Problem details:
Please, from the entries below, transcribe exactly the lines that begin at the line with "Klickverschluss, Mit Bewertungen" and end at the line with "Available in cube.", without the pictures.

(Supplied data)

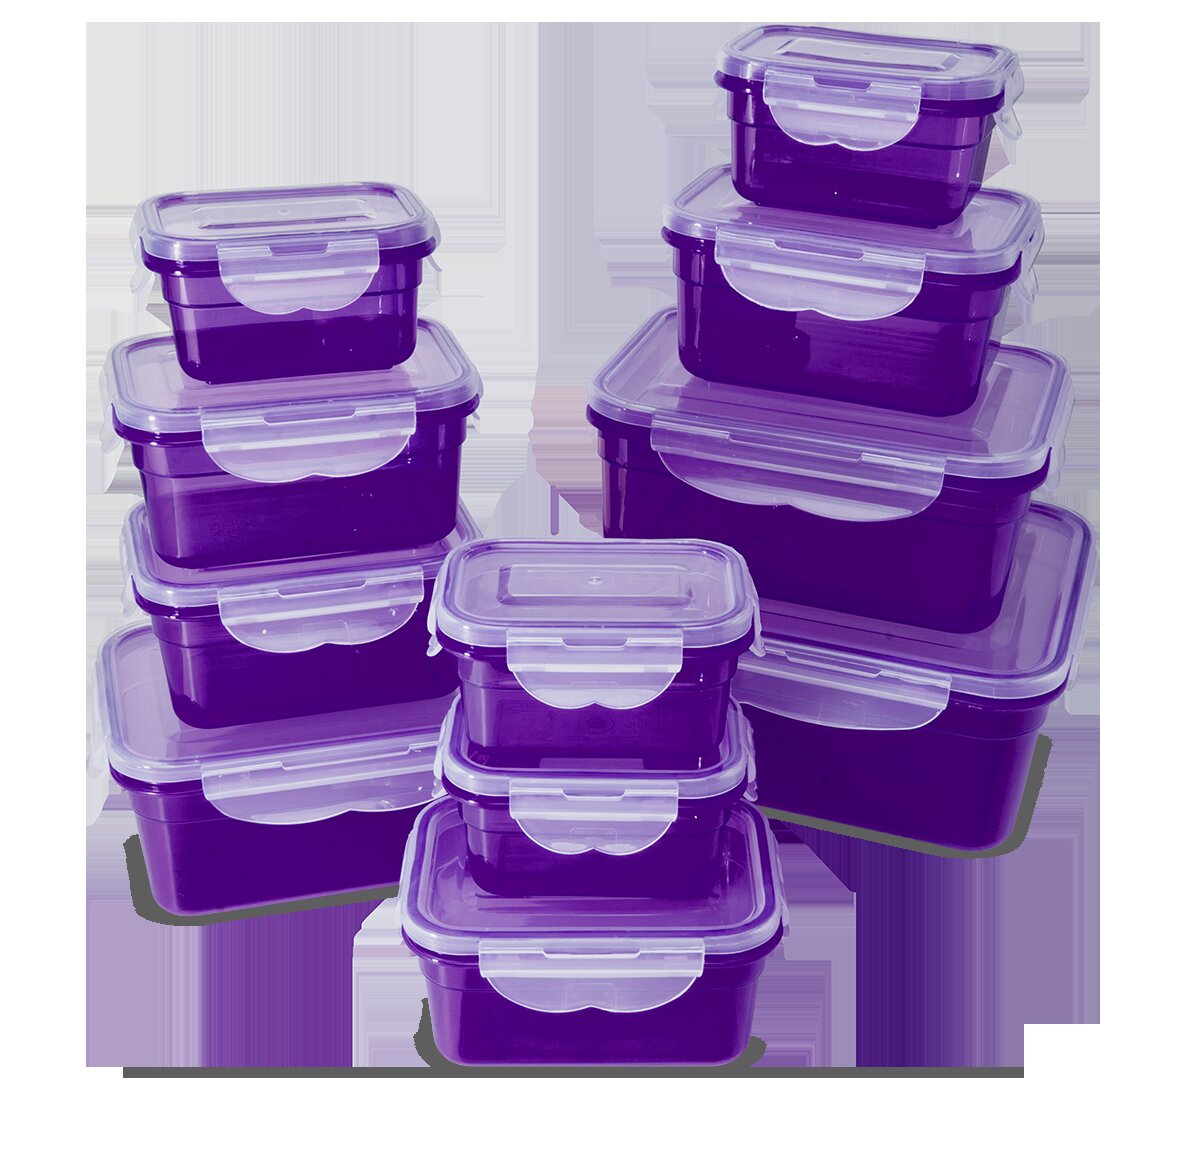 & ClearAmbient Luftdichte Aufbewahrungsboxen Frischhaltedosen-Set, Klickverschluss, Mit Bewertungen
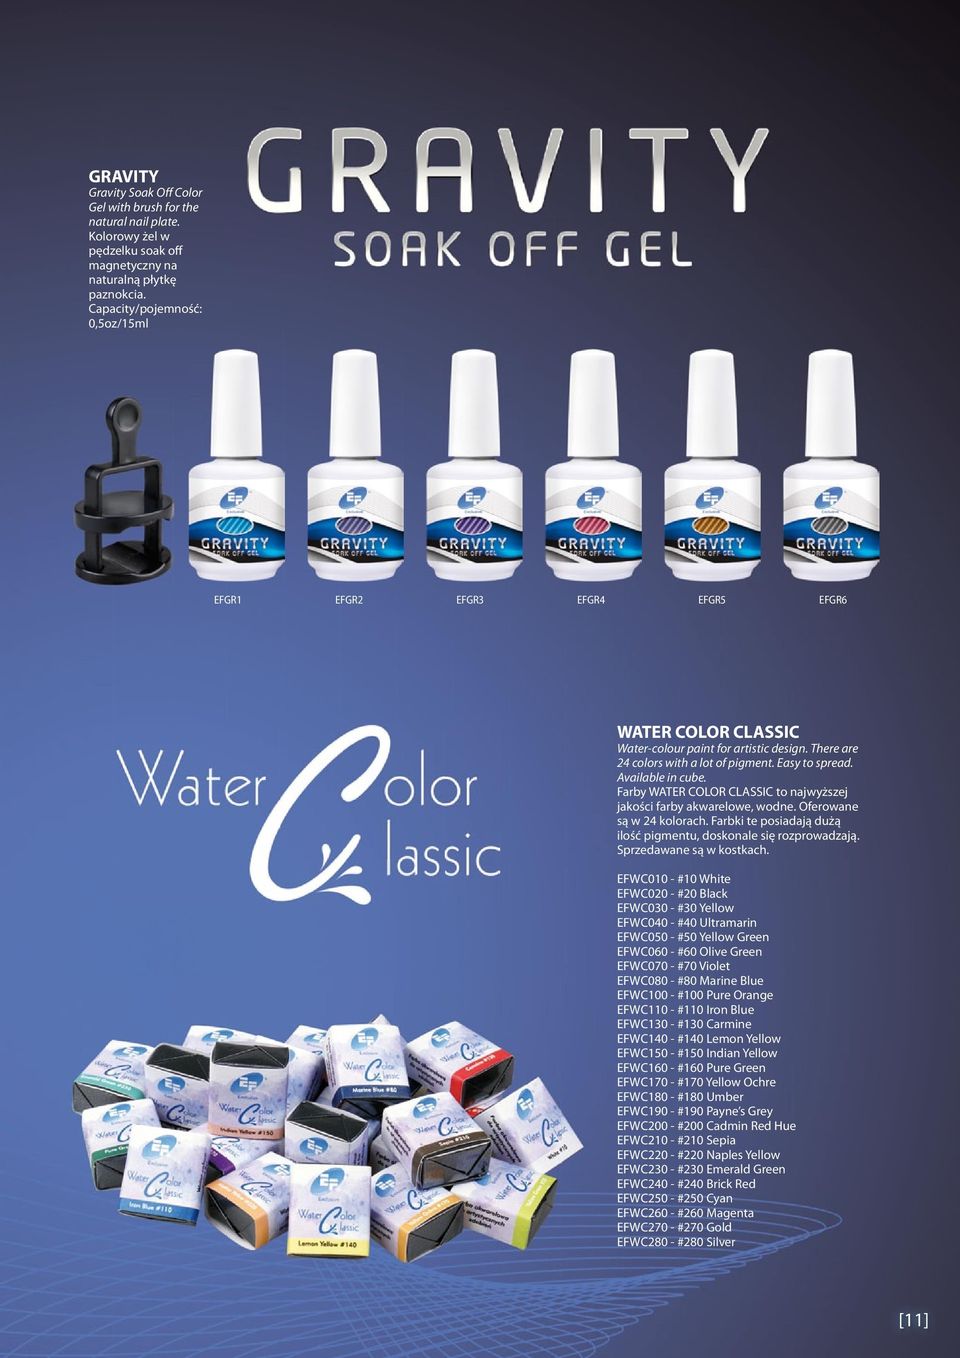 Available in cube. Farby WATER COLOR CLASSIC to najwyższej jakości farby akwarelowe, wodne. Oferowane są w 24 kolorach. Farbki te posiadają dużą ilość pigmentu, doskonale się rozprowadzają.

(End Supplied data)
(Supplied data)

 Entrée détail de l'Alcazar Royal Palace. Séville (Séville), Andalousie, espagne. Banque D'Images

(End Supplied data)
(Supplied data)

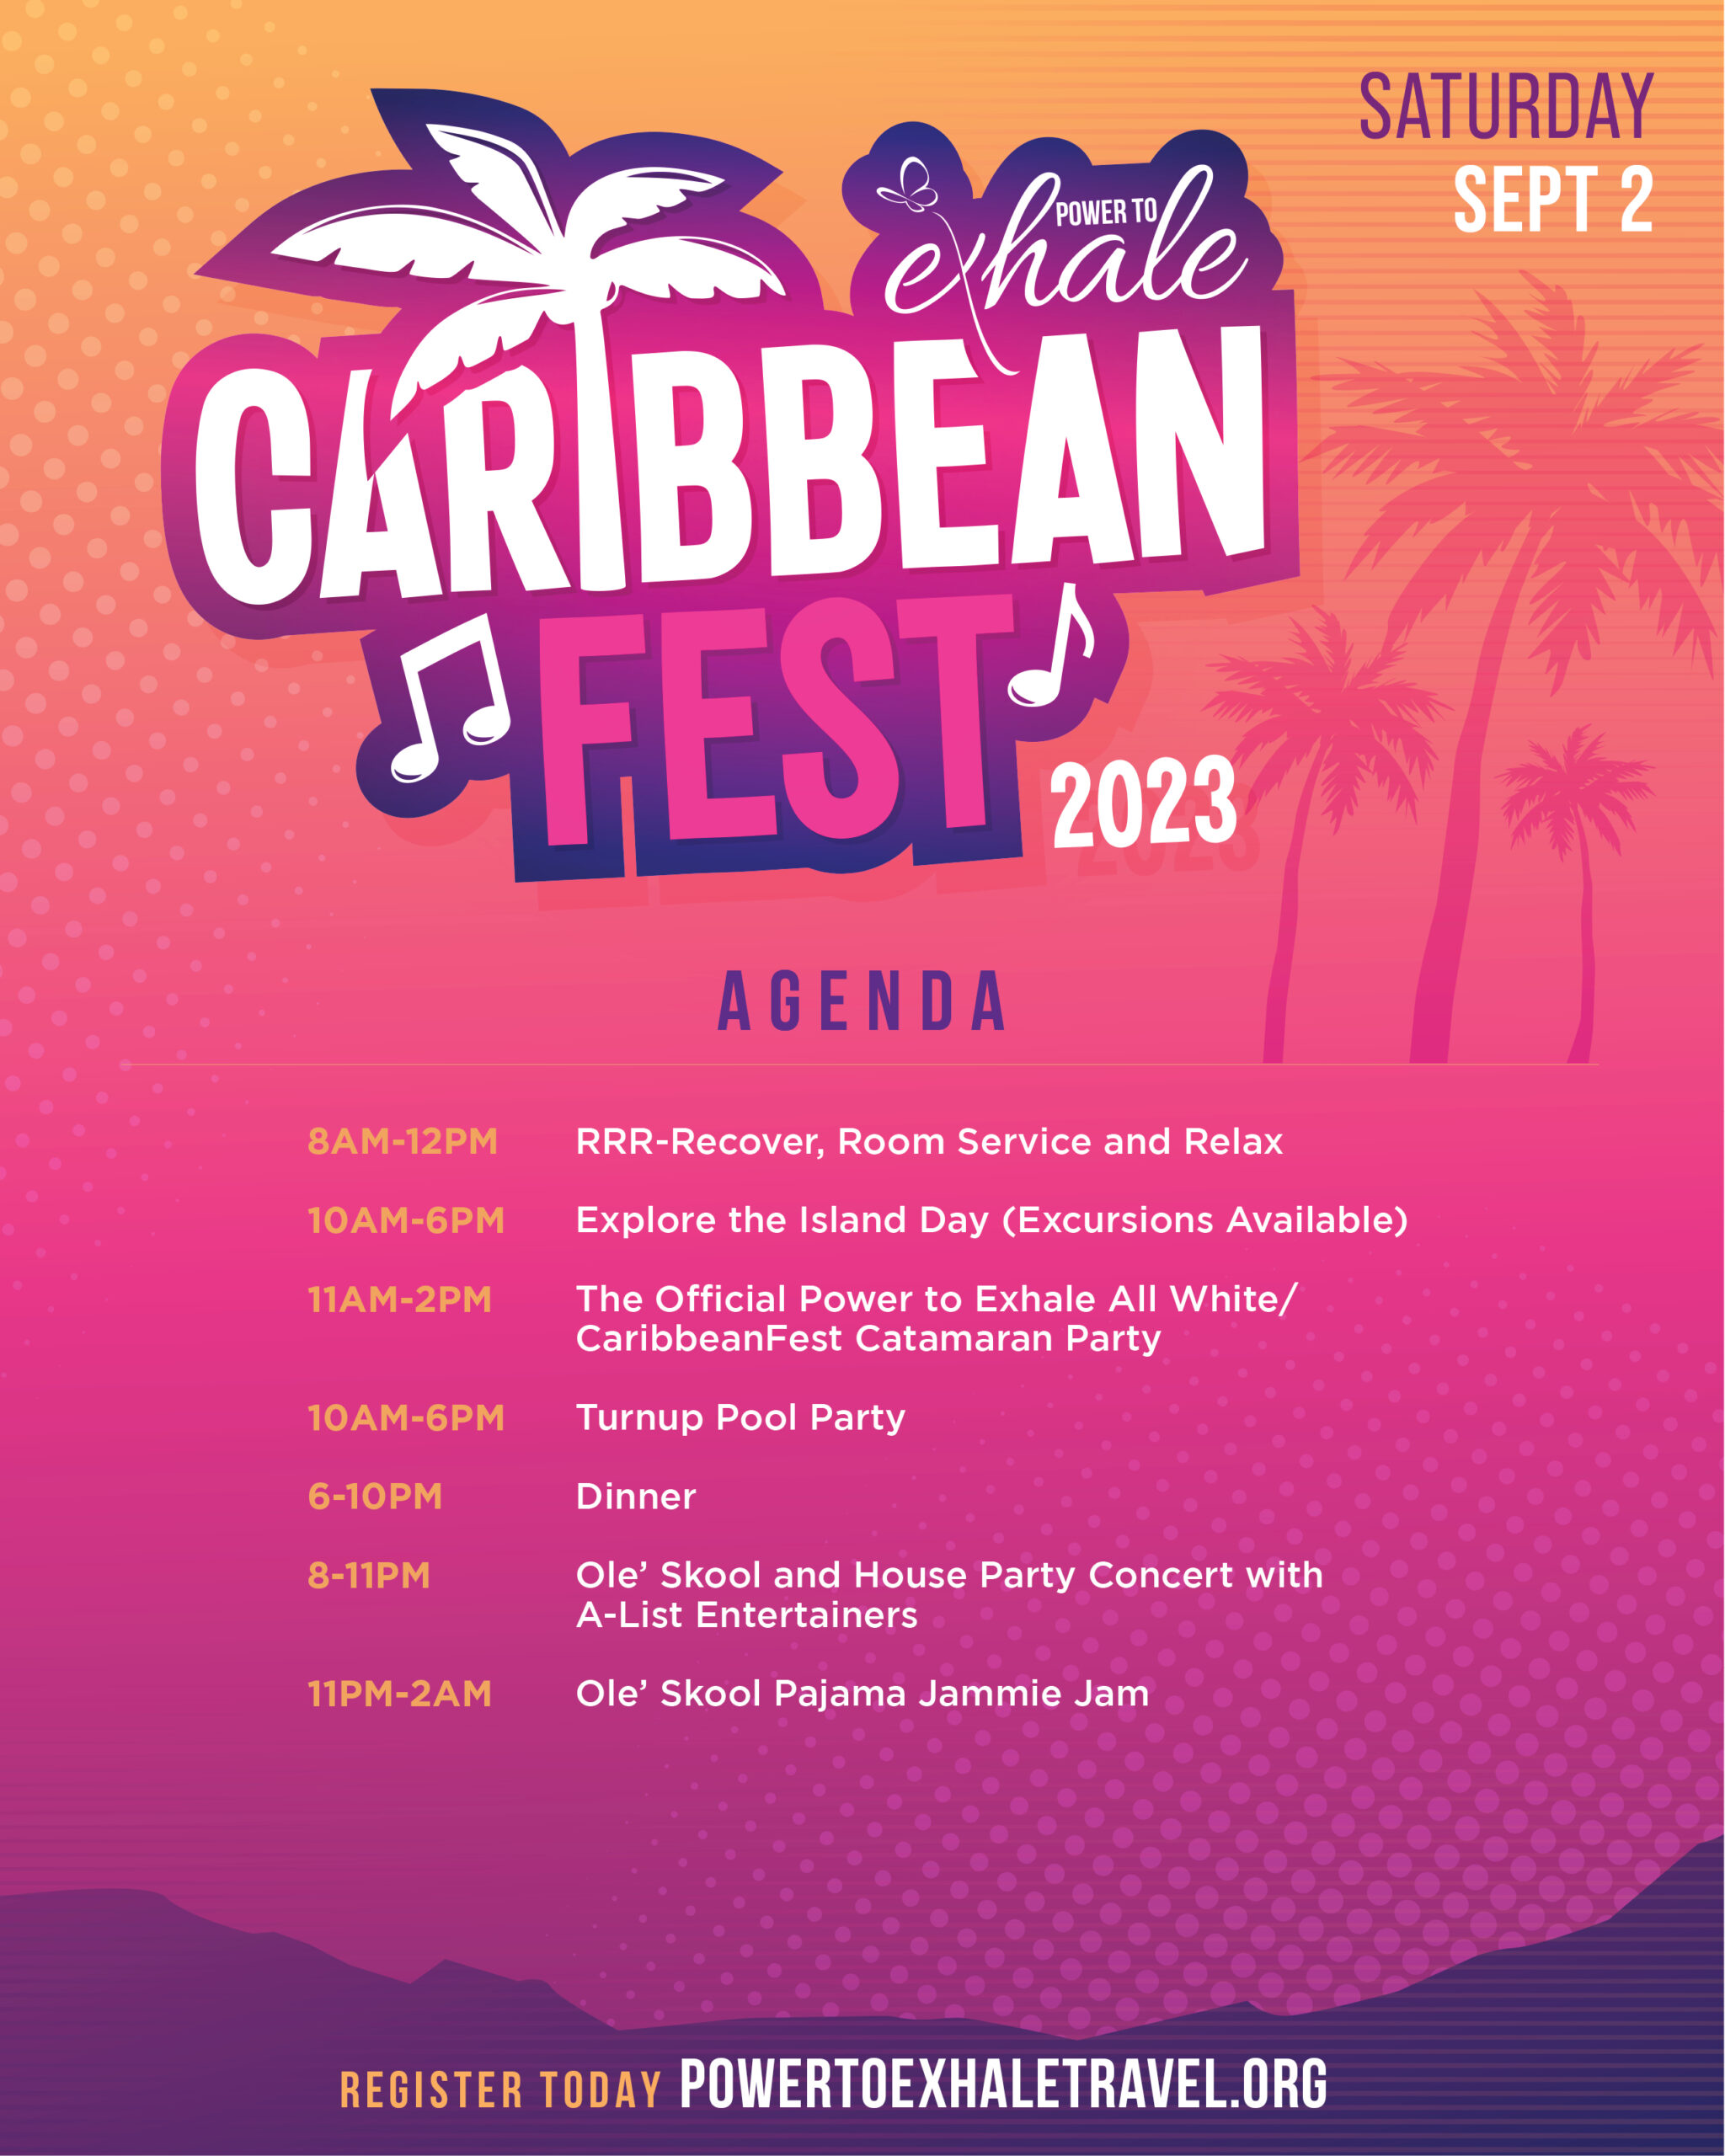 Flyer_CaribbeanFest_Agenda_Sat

(End Supplied data)

Output of the task:
 & ClearAmbient Luftdichte Aufbewahrungsboxen Frischhaltedosen-Set, Klickverschluss, Mit Bewertungen
 Available in cube. Farby WATER COLOR CLASSIC to najwyższej jakości farby akwarelowe, wodne. Oferowane są w 24 kolorach. Farbki te posiadają dużą ilość pigmentu, doskonale się rozprowadzają.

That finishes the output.